* _YOUR TASK_:
Restate the data below word for word. Skip any images it contains.

* _INFORMATION SUPPLIED_:
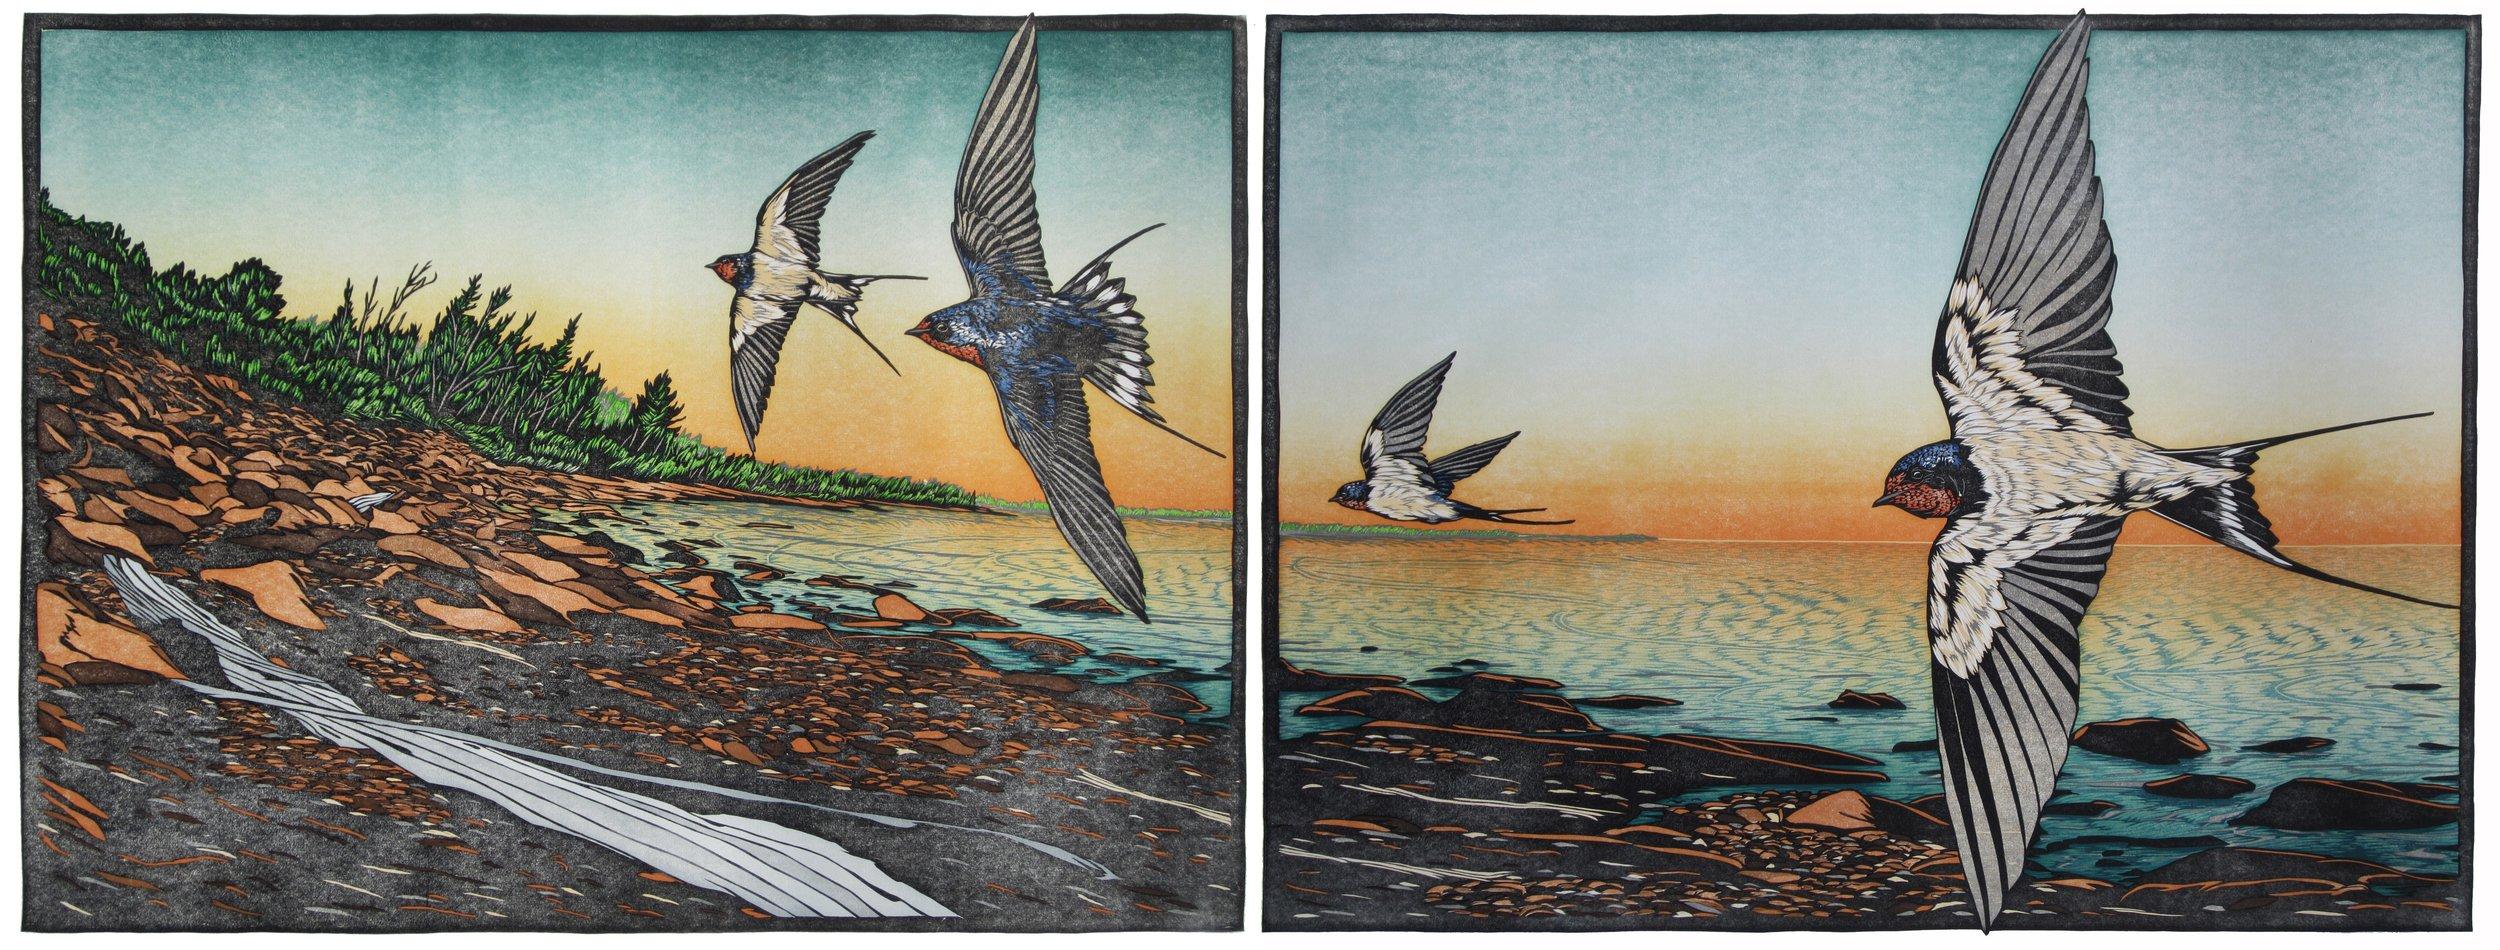 Nick Wroblewski - Draw of the Lake Diptych
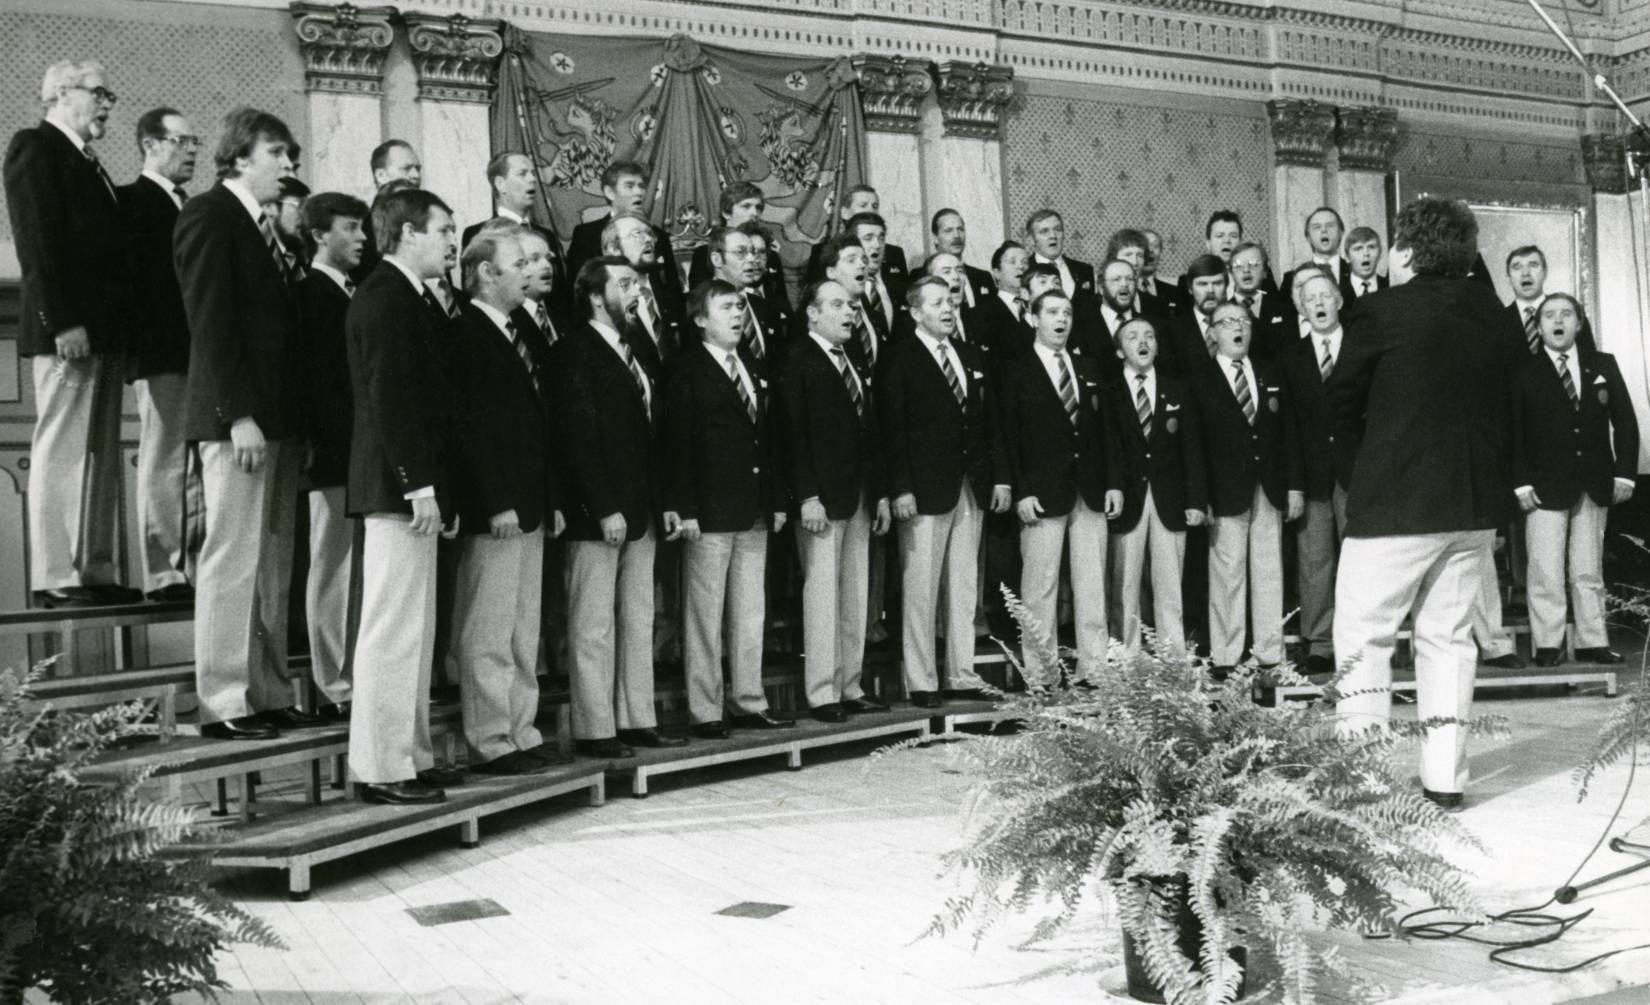 Laulu-Jaakkojen konsertti maaherran juhlissa
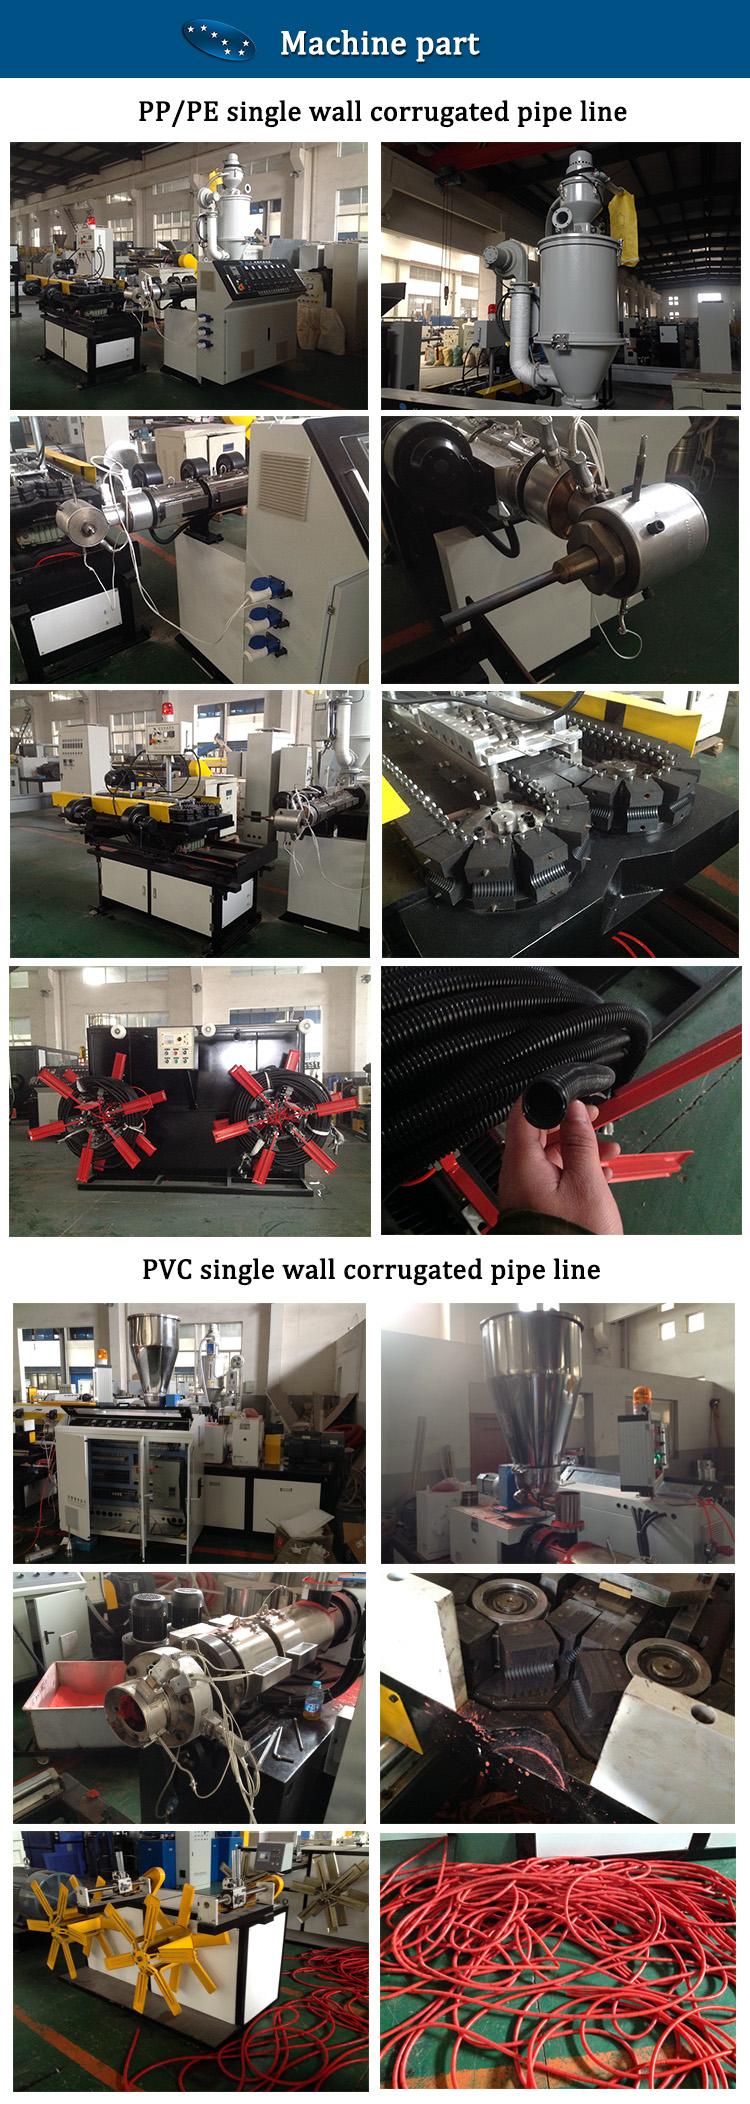 PP PE PVC单壁波纹管产线机器组成展示
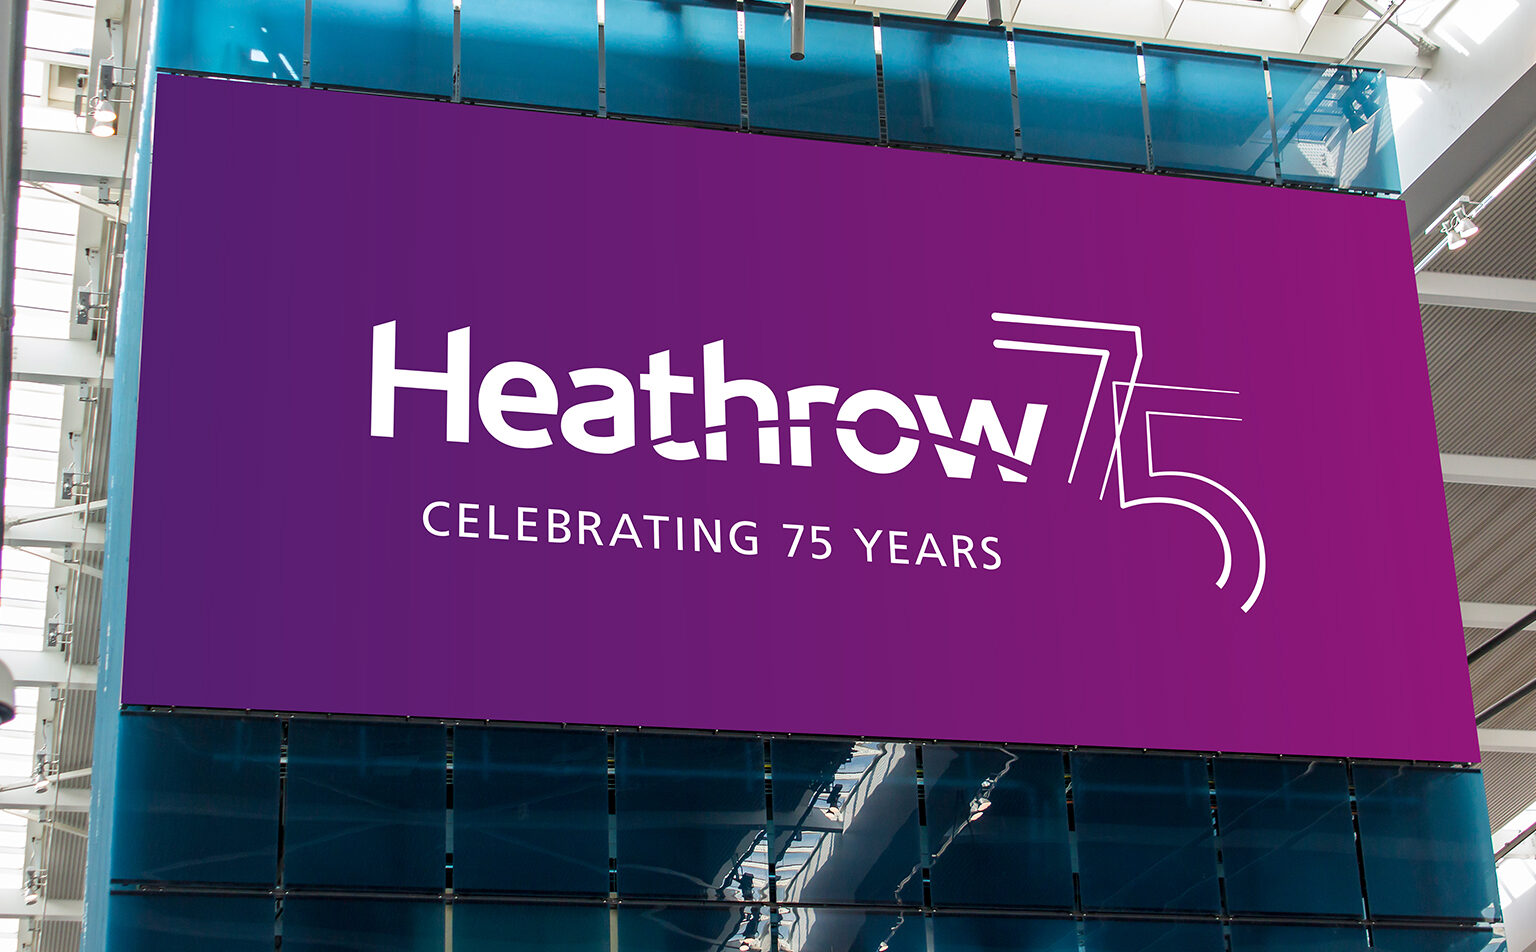 Heathrow-Feature-Image copy

* _SOLUTION_:
 Nick Wroblewski - Draw of the Lake Diptych
 Laulu-Jaakkojen konsertti maaherran juhlissa
 PP PE PVC单壁波纹管产线机器组成展示
 Heathrow-Feature-Image copy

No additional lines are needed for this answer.